Playing from the Reds

By: Bob Spiwak


One of golf's major bugaboos is slow play. It has been my experience over half a century that much of this is due to players teeing off from blocks where they cannot meet the demands of long carries, or they slice or hook into the puckerbrush. This results in lengthy searches for errant balls, frequently longer than the permissible five-minute limit.

As I have gotten older, I recognized that I could not longer play from the traditional white tees. Many courses offer little compensation other than the "ladies tees," having only two areas to hit from. At Bear Mountain, my home course above Lake Chelan (Wash.), there are five tee boxes ranging from black at the tips to red, the furthest forward.

A few years ago at Banks Lake Golf Course in the Grand Coulee, I was addressing the ball at the red tee when a cart drove up and one of the occupants rudely and accusingly shouted, "Hey! You're on the women's tee."

In the '90s, a cadre of Golf Writers Association of America members campaigned to eliminate the gender factor from tees. Of course it carried a stigma; every male golfer is familiar with the fly-open penalty for failing to reach the ladies' tee with his drive. The writers' solution was to simply change the name to forward tee. I am not a paragon of political correctness, but the practical aspects convinced me.
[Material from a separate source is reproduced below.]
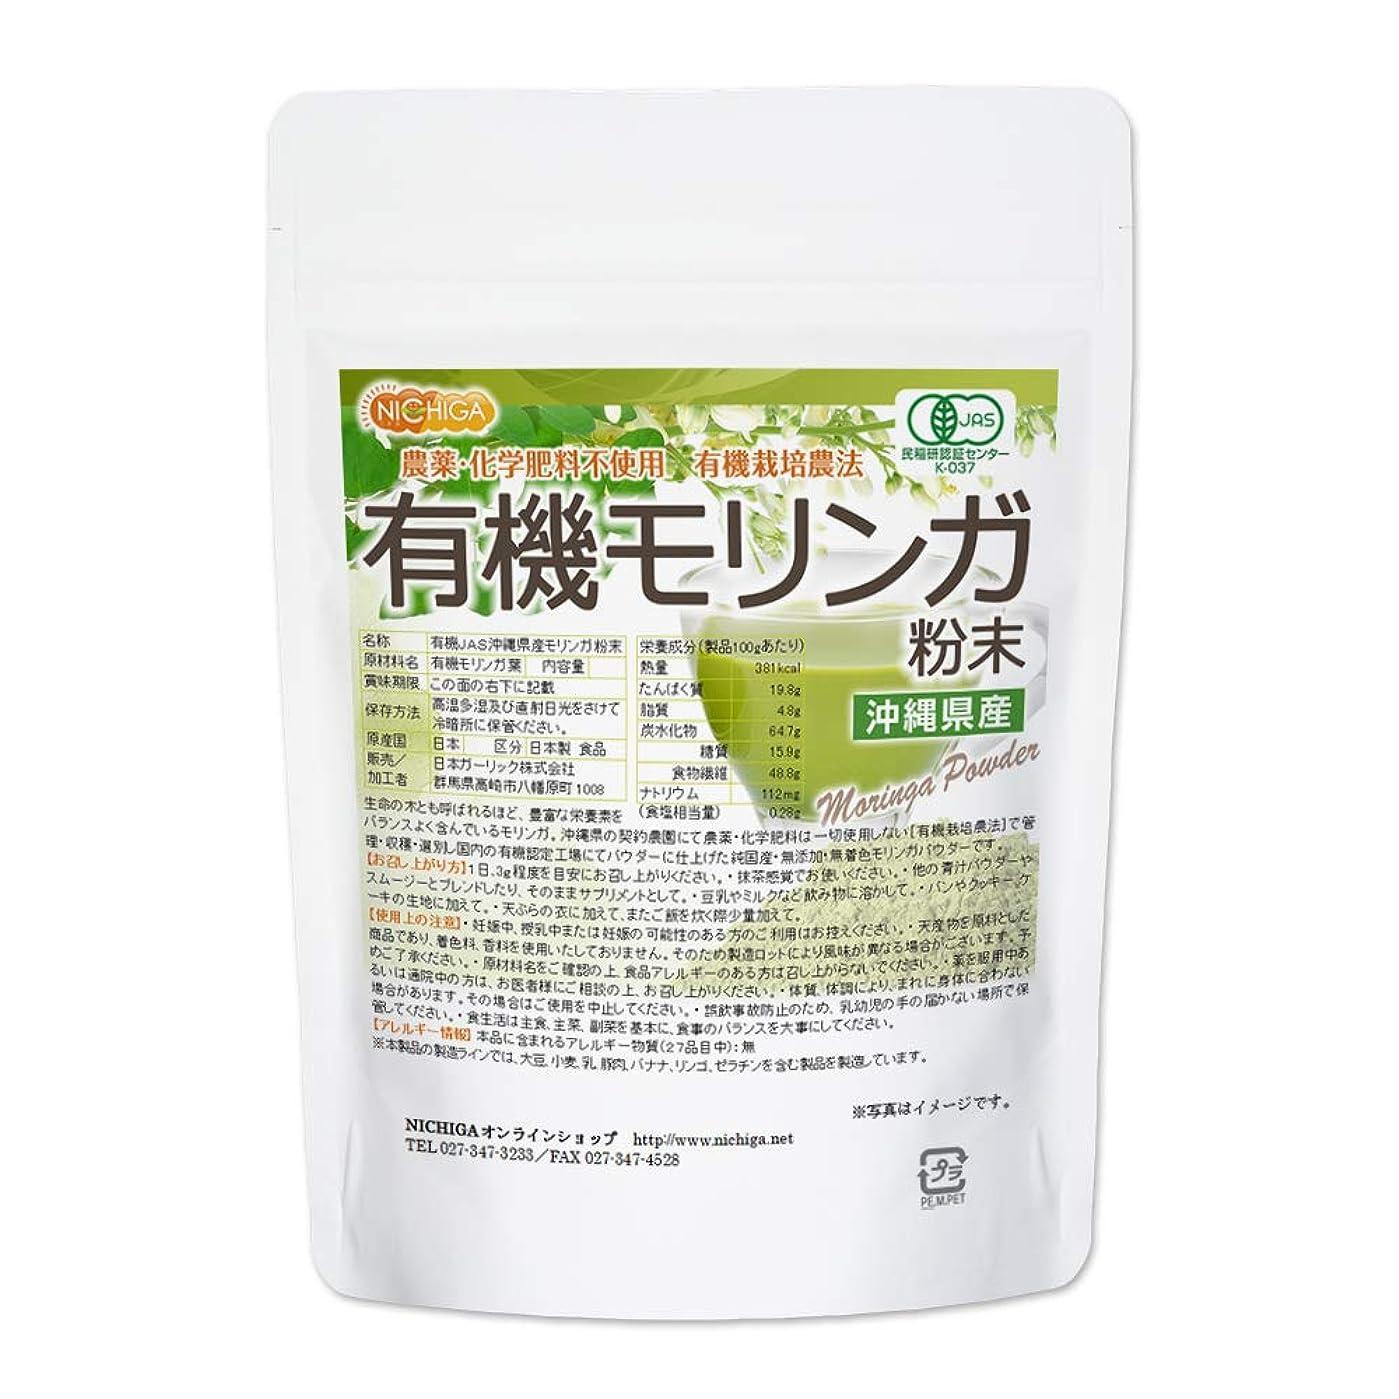 借りている引き金より多い有機JAS 沖縄県産 モリンガ 粉末 100g 農薬?化学肥料不使用 有機栽培農法 (琉球モリンガパウダー) [01] NICHIGA(ニチガ)

Having gained 14 strokes on my handicap and half as much around my waist, I took a lesson from Bear Mountain's head pro Von Smith. His first admonition was that I was in my 70s and my body was not what it was when I carried a 17 handicap years before. He suggested moving up to a forward tee. The bronze tees are between the whites and the reds, and while my scores did not diminish much, I discovered that I was enjoying the game much more, even as my pockets were weekly drained of the quarters-per-hole losses to my companions.

This year I moved up to the red, most-forward tees. Suddenly, for the first time in years, I was capable of hitting greens in regulation. It changed the game markedly. Even though I still have at least one double-digit hole per round, the quarters have been flowing back to me from whence they had previously come - my retirement fund.
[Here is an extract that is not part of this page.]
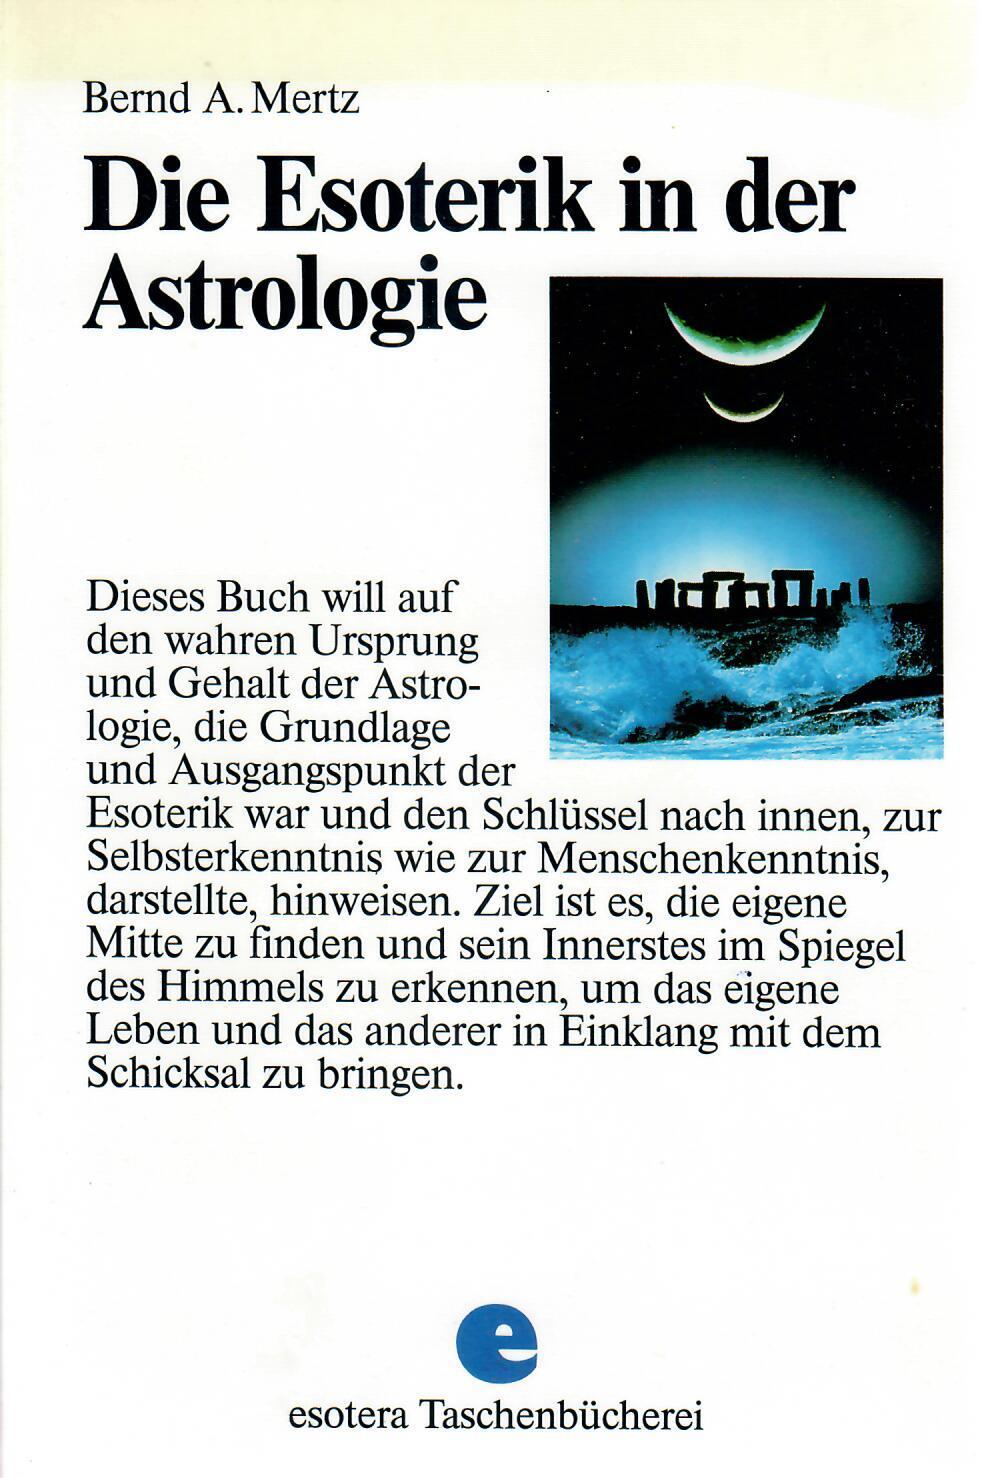 Die Esoterik in der Astrologie

Last week while driving to the course, one of my companions who carries a 16 handicap and plays from the whites commented that the betting meant nothing to him, he was playing his own game. That makes sense. But after the round, as the dollars and coins flowed across the table in my direction for the third week in a row, he gently groused that it was not fair to have to give me 14 strokes when I was playing a 1,000-yard shorter course than he.

I offered that I would no longer participate in the money games, because I agreed with the unfairness. He countered with the idea that I play to a 10-point lower handicap. I don't think so.

Desert Canyon, another favorite course, has wisely succumbed to male requests to change the color of the most-forward tees to gold. They had previously been designated as the "lilac" tees.

That very name was enough to discourage any guy.

Bob Spiwak took up golf in 1953 as a respite from the rigors of selling bibles door-to-door in North Dakota. Though suffering a four-year lapse, he's back to being a fanatical golfer. Now a contributing editor for Cybergolf, Spiwak has written articles for almost every golf magazine in the Western world. Bob's most treasured golf antiquity is a nod he got from Gerald Ford at the 1990 Golf Summit. Spiwak lives in Mazama, Wash., with his wife and several pets next to his fabled ultra-private Whispering Rattlesnakes Golf & Flubbers Club.